======== DATA PROVIDED

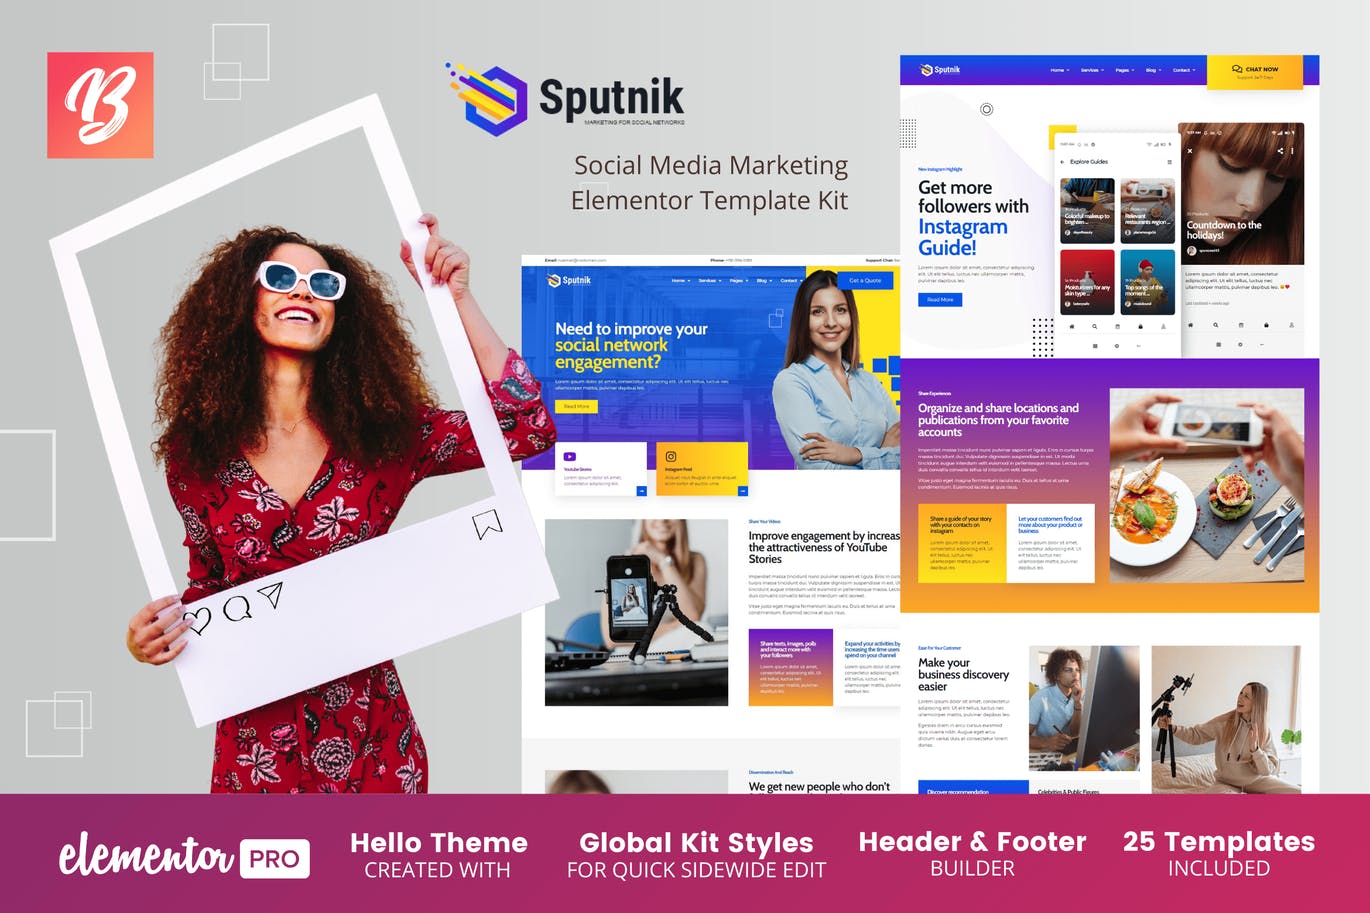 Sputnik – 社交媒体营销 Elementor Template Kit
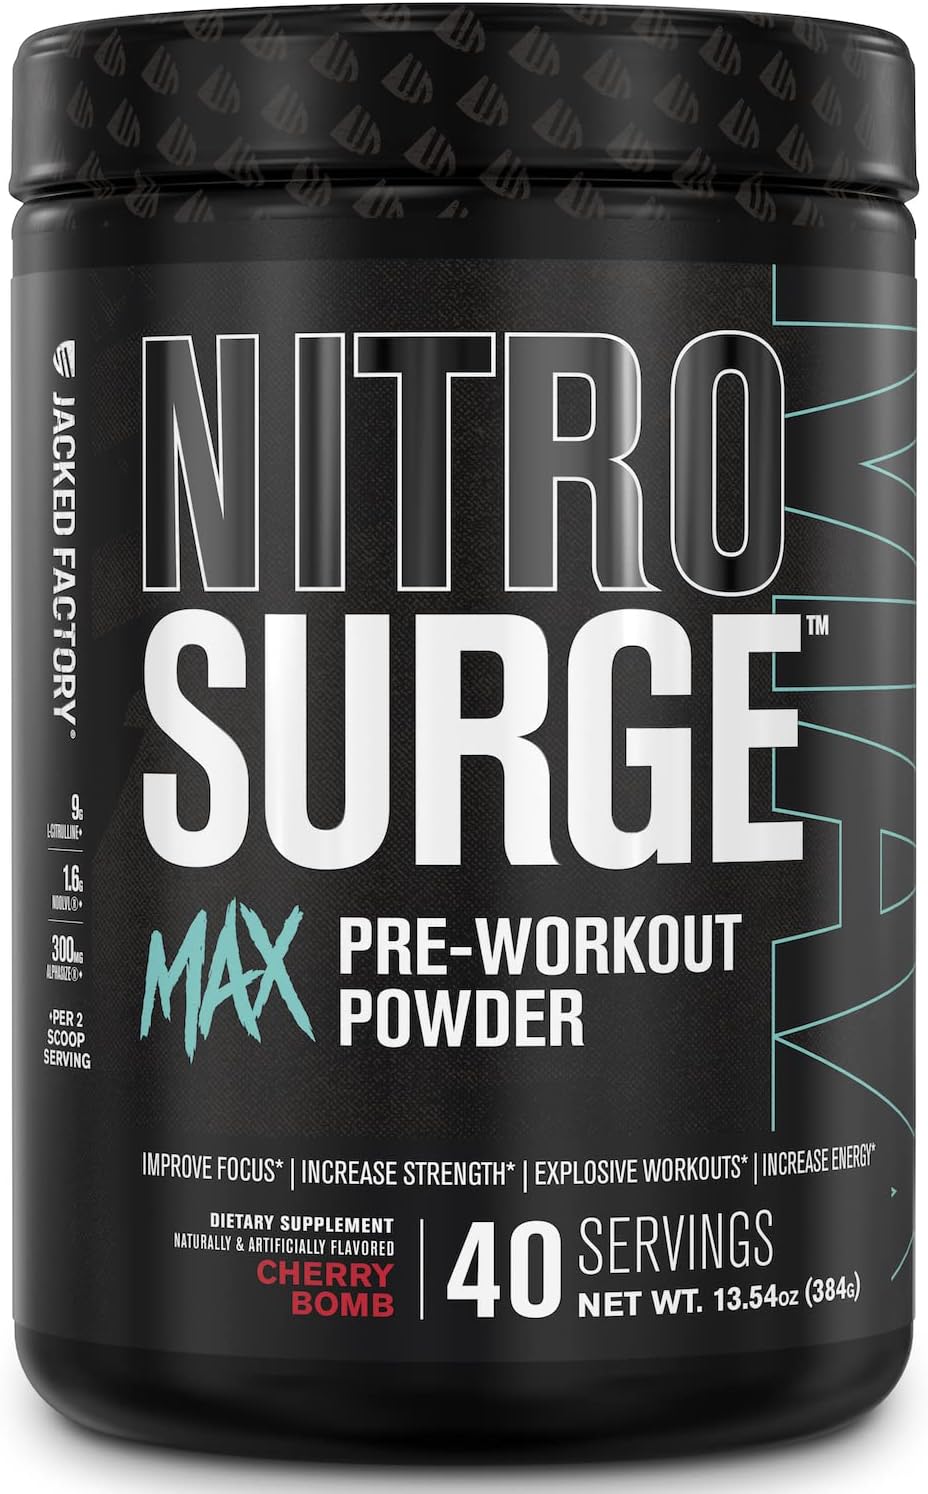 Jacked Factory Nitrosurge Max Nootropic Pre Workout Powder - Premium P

================
======== DATA PROVIDED

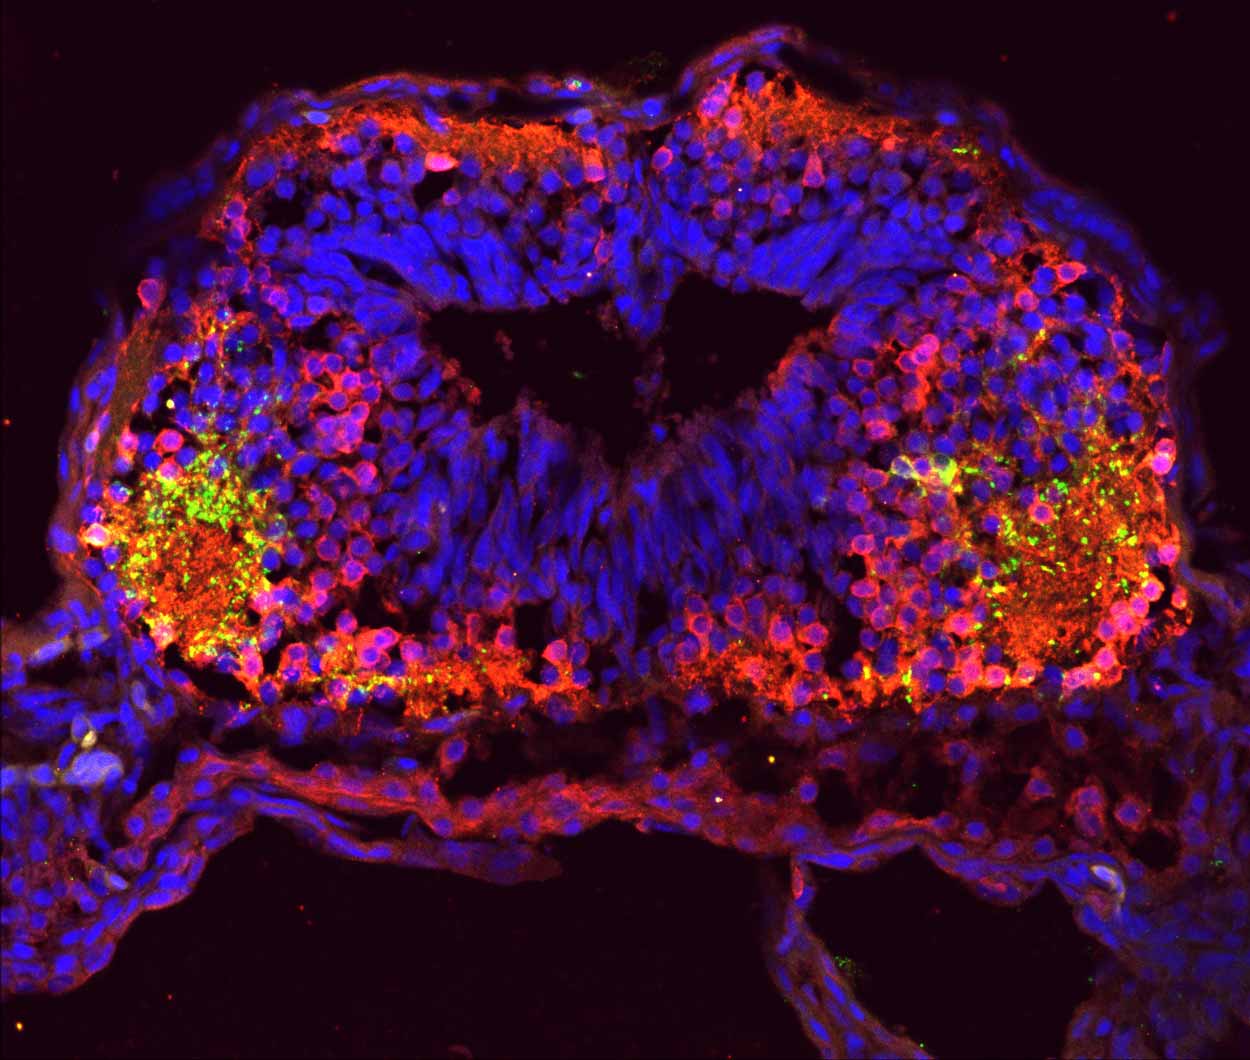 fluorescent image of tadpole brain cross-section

================
======== DATA PROVIDED

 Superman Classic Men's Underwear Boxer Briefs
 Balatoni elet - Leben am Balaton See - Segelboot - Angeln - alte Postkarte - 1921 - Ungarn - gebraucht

================

▸ WHAT IS NEEDED
Working from the records above, set down word for word everything from the line containing "Sputnik – 社交媒体营销 Elementor Template Kit" down to the line containing "Jacked Factory Nitrosurge", ends included, minus the pictures.

▸ COMPLETED TASK
 Sputnik – 社交媒体营销 Elementor Template Kit
 Jacked Factory Nitrosurge Max Nootropic Pre Workout Powder - Premium P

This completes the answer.